The first half provides a sweeping overview of the history of the sociology of work, beginning by surveying the foundational concepts of theorists such as Marx, Weber, and Durkheim, to important sociological terms and theories related to the experience of work, and then focusing on sociohistorical trends in the organizing of labor and the economic and cultural consequences of such trends. Here, key historical shifts such as industrialism, postindustrialism, and globalization are discussed, providing spatiotemporal context. The second half examines why workers behave as they do, and how, for example, destandardization matters for workers’ experiences. Readers can see how and why shifts in the labor force, particularly employment and nonwork phenomena, are changing workers’ connections to and attitudes about work. Readers also can see why and how work and employment need to be questioned anew in today’s world.

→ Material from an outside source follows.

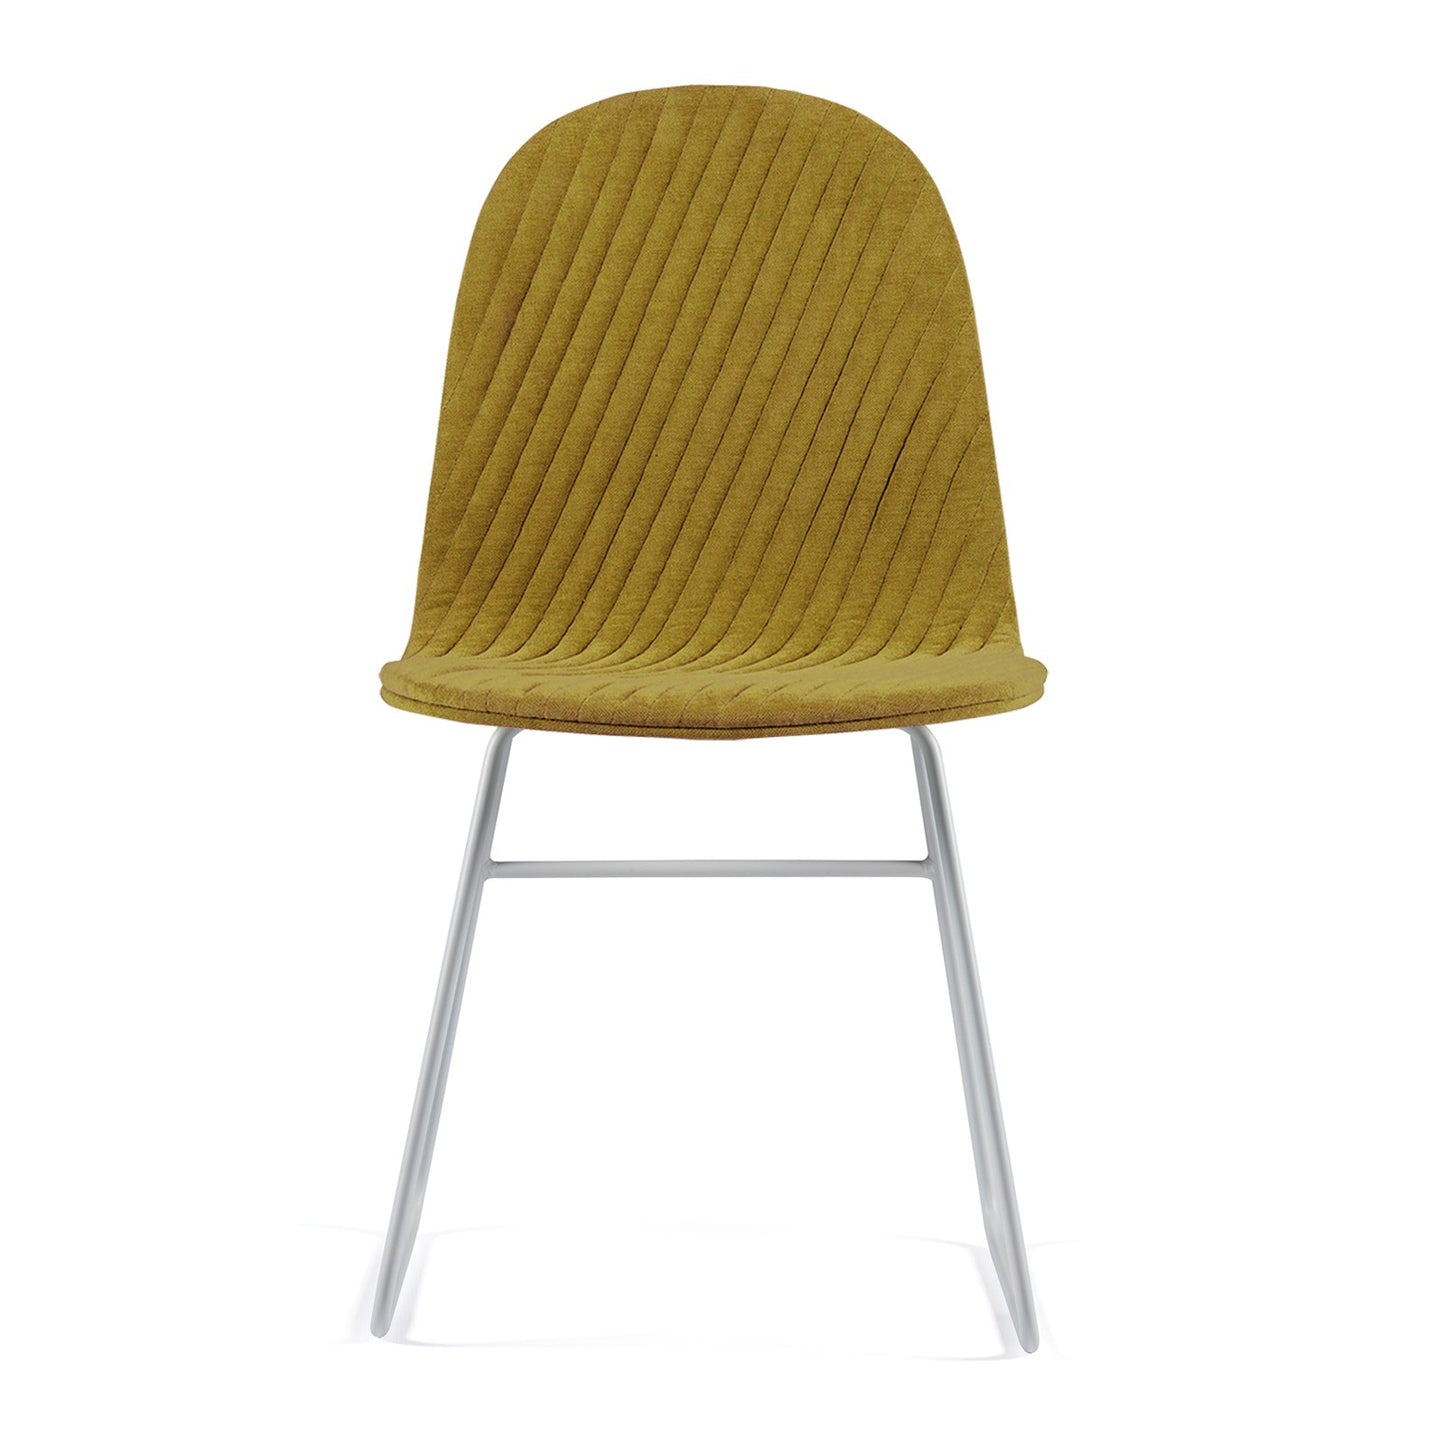 Chair Mannequin 02 - Mustard
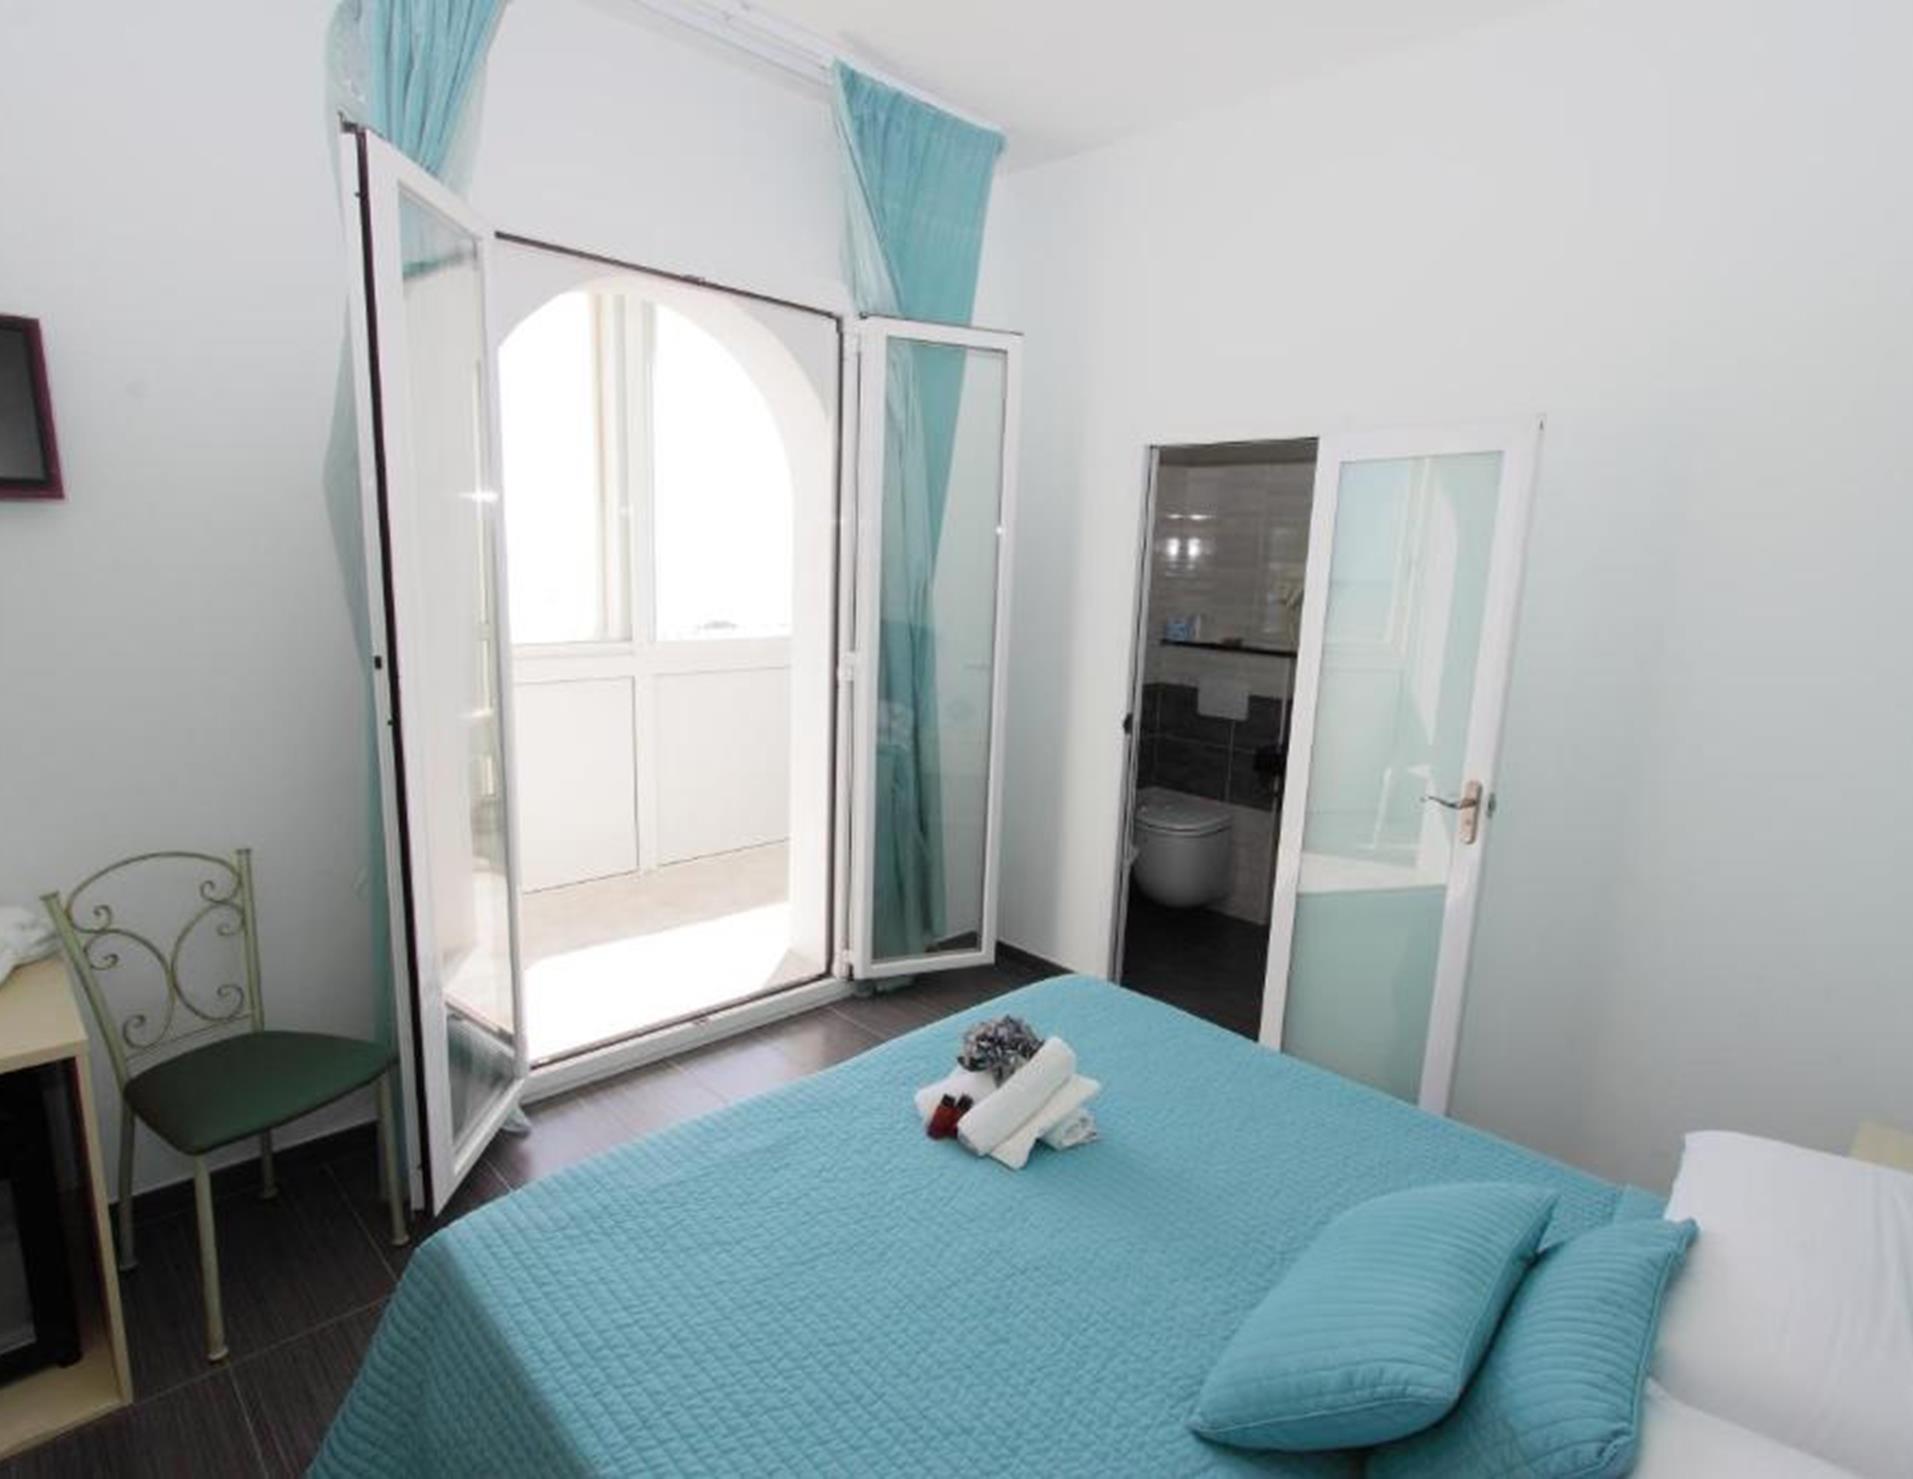 Hotel Spiaggia Marconi - Room 8

Most chapters contain an organizational scheme that begins by providing historical context and overviews of existing theory and research before launching into new aspects of work more recently documented in the literature, such as transnational value chains and employment practices being driven by multinational corporations’ agendas (p. 395). Some of the broader themes that emerge from these chapters are shifts in language, such as the movement from “bureaucracy” to “networks” and “management” to “leadership,” shifts in perspectives such as Fordism and post-Fordism, as well as discussion of emerging research and policy opportunities. Chapter authors also note the need to untangle complicated and often ironic processes of dignity, difference, and employment–nonwork. Despite these broader trends, authors do not make uniform recommendations. For instance, many discuss the need to better operationalize certain aspects of work, such as dignity or job quality. Yet other chapters urge more qualitative and in-depth research, such as the chapter discussing “unruly subjects” that decries placeless, decontextualized studies that cannot ascertain the depth, nuance, and impact of worker resistance. Still other chapters discuss the “need to raise awareness of the continuing significance of race as an organizing principle in the labor market” (Chapter 6, p. 105). They discuss what can be learned by comparing and contrasting key issues and policies in areas such as gender, work–life balance, and skills from several national and regional contexts. Sometimes chapters enter into debates about theoretical explanations, operationalizations, and findings, such as the section on “leisure” in Chapter 28.
In sum, The SAGE Handbook of the Sociology of Work and Employment would be useful to emerging organizational communication scholars trying to get a handle on the world of work and employment. For scholars already researching and teaching in these areas, the concise overviews and engagement with ongoing debates might provide fresh insights about contemporary language, scholarship, and trends in work, employment, and the global labor force.